1. Place a 220 W resistor in parallel
with a 1 V sine wave ac supply oscillating at 10 kHz.
2. Use a multimeter to measure the
current through the resistor.
IR = _______________
3. Replace the resistor with the 10
mH inductor and measure the current.
IL = _______________
4. Now estimate the total current
through the parallel combination of the resistor and inductor.
IT estimate = _______________
5. Construct the parallel circuit and
measure the total current and compare to your estimate.
IT measured = _______________
6. Calculate the total impedance for
the parallel circuit and then the total current and compare the theoretical and
measured values.
7. Double the supply frequency to 20
kHz and confirm your answer.
Part II: Current in RC
Circuits
Step 1: Circuit
Analysis and Construction
1. Place a 220 W resistor in parallel
with a 1 V sine wave ac supply oscillating at 10 kHz.
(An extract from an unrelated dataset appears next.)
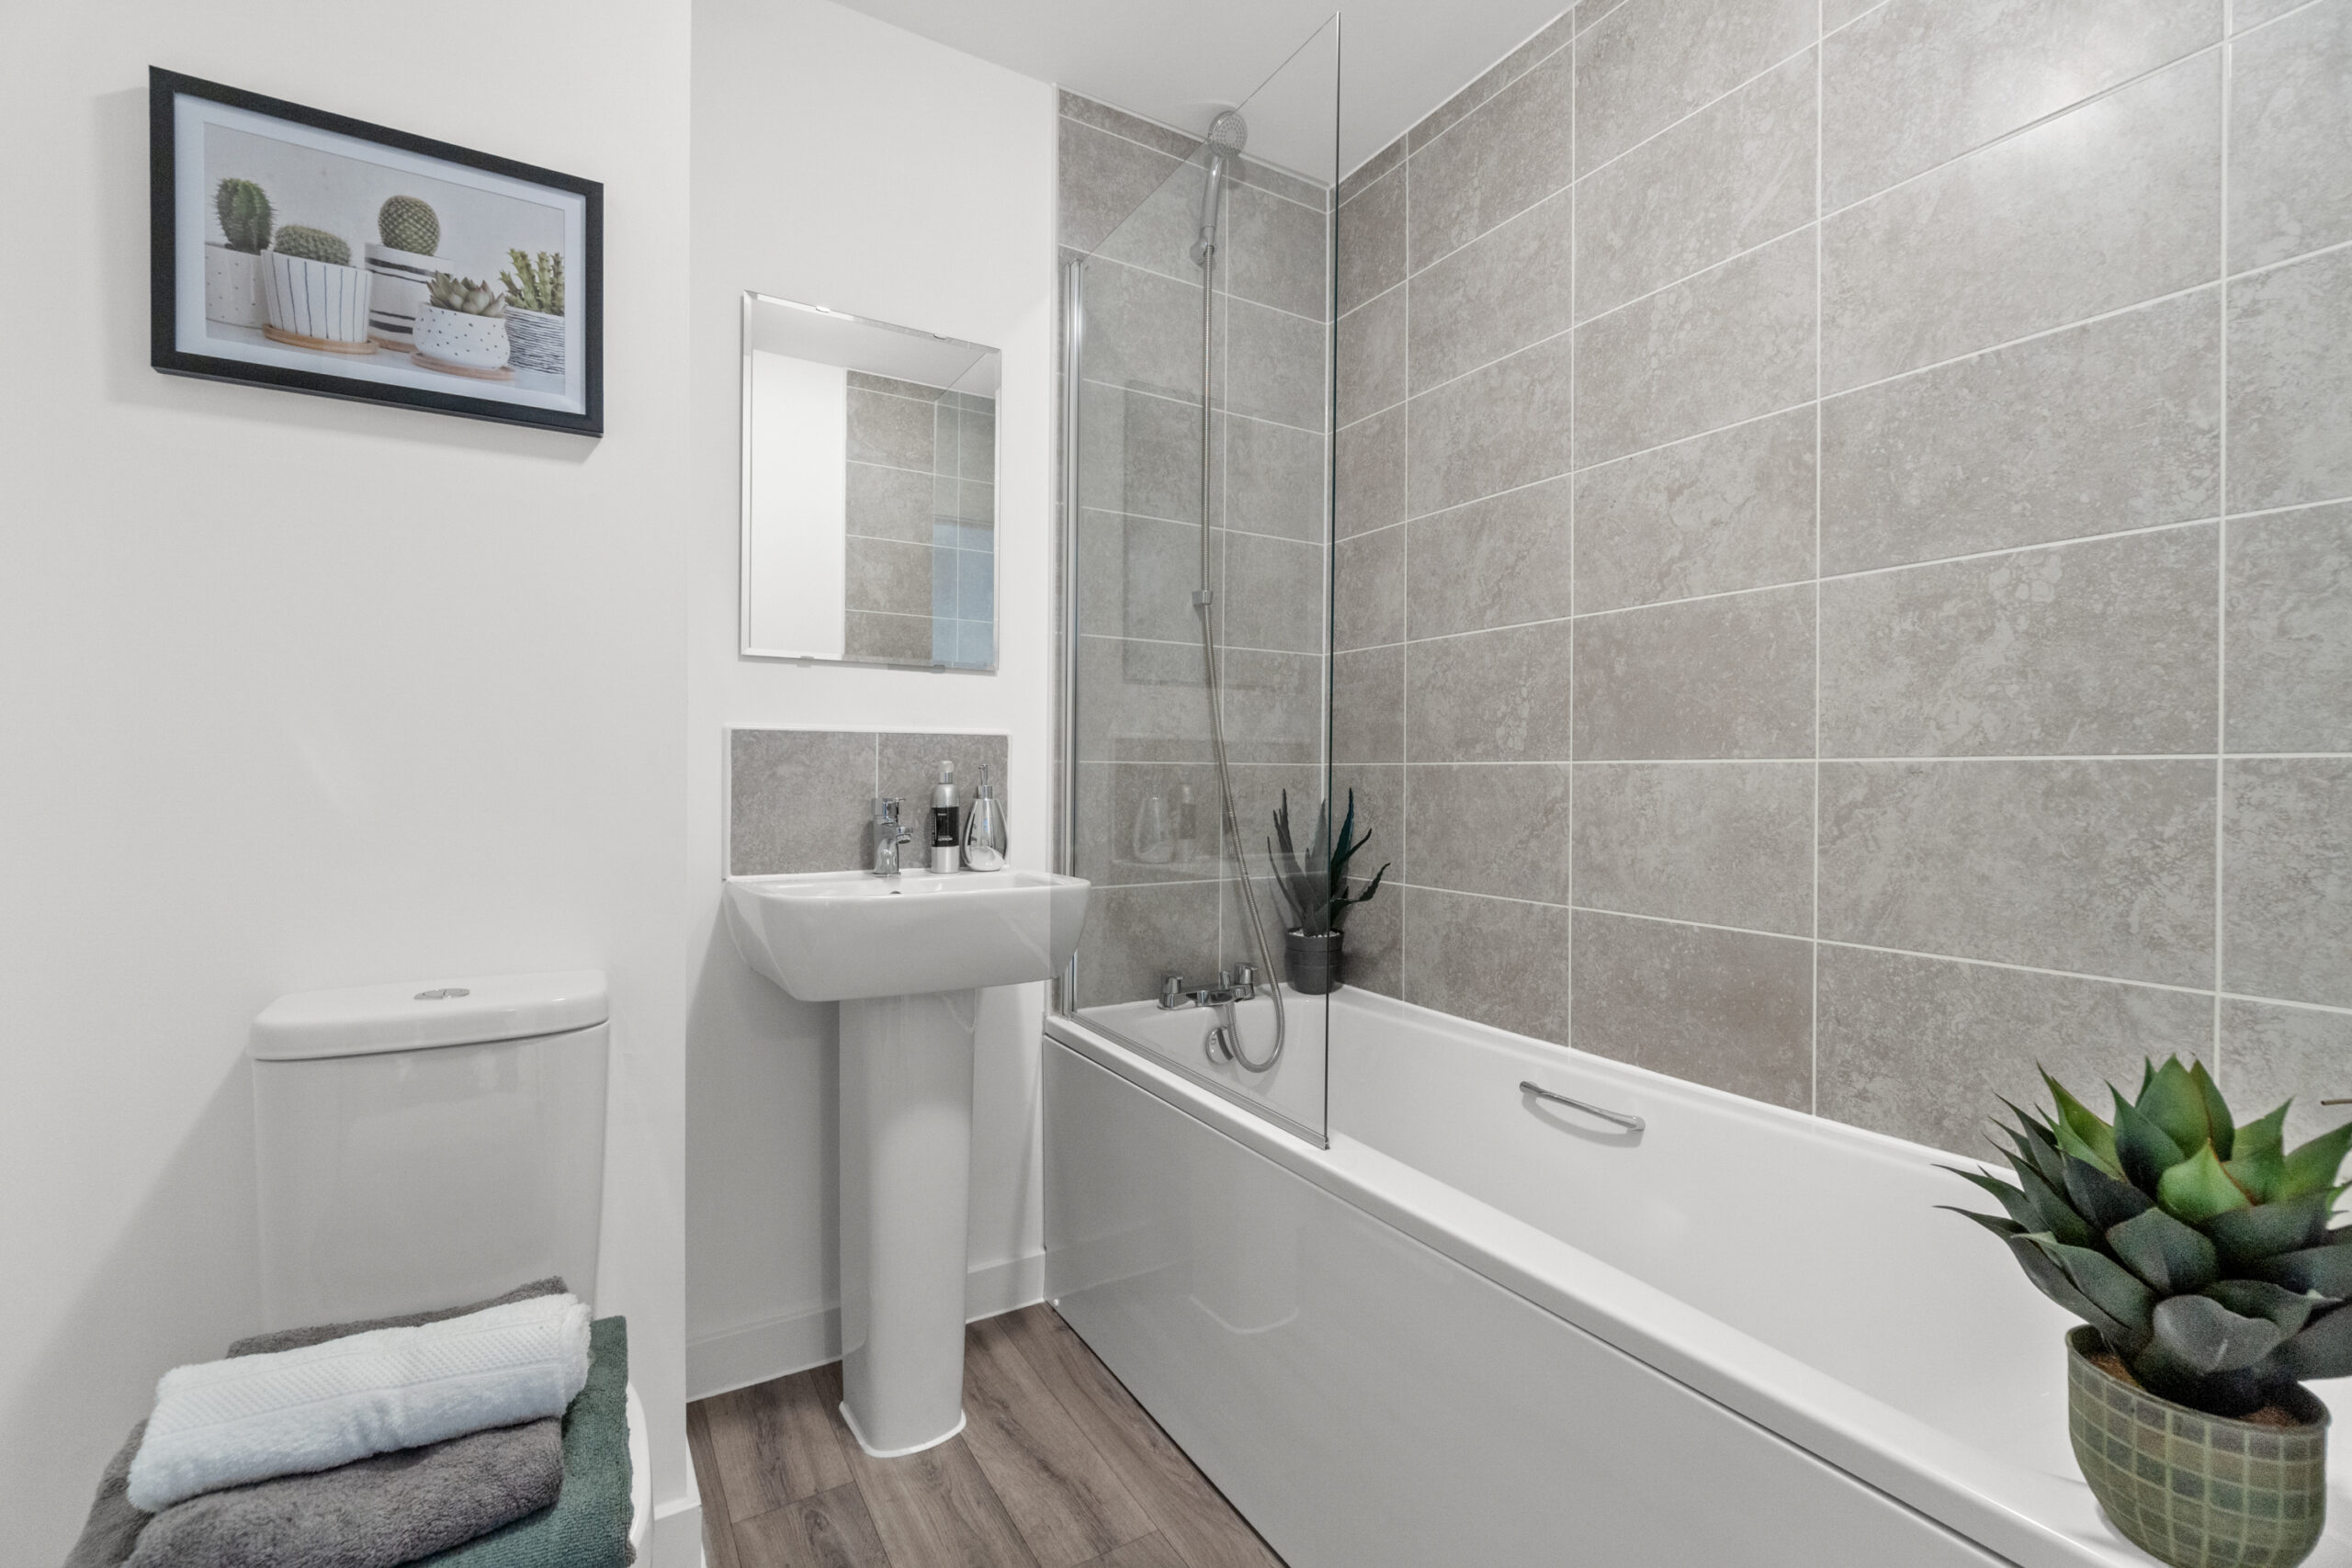 Image of a bathroom at Trevethan Meadows from LiveWest - available to purchase through Shared Ownership on Share to Buy!

2. Use a multimeter to measure the
current through the resistor.
IR = _______________
3. Replace the resistor with a 100 nF
capacitor and measure the current.
IC = ______________
4. Now estimate the total current
through the parallel combination of the resistor and capacitor.
IT estimate = _______________
5. Construct the parallel circuit and
measure the total current and compare to your estimate.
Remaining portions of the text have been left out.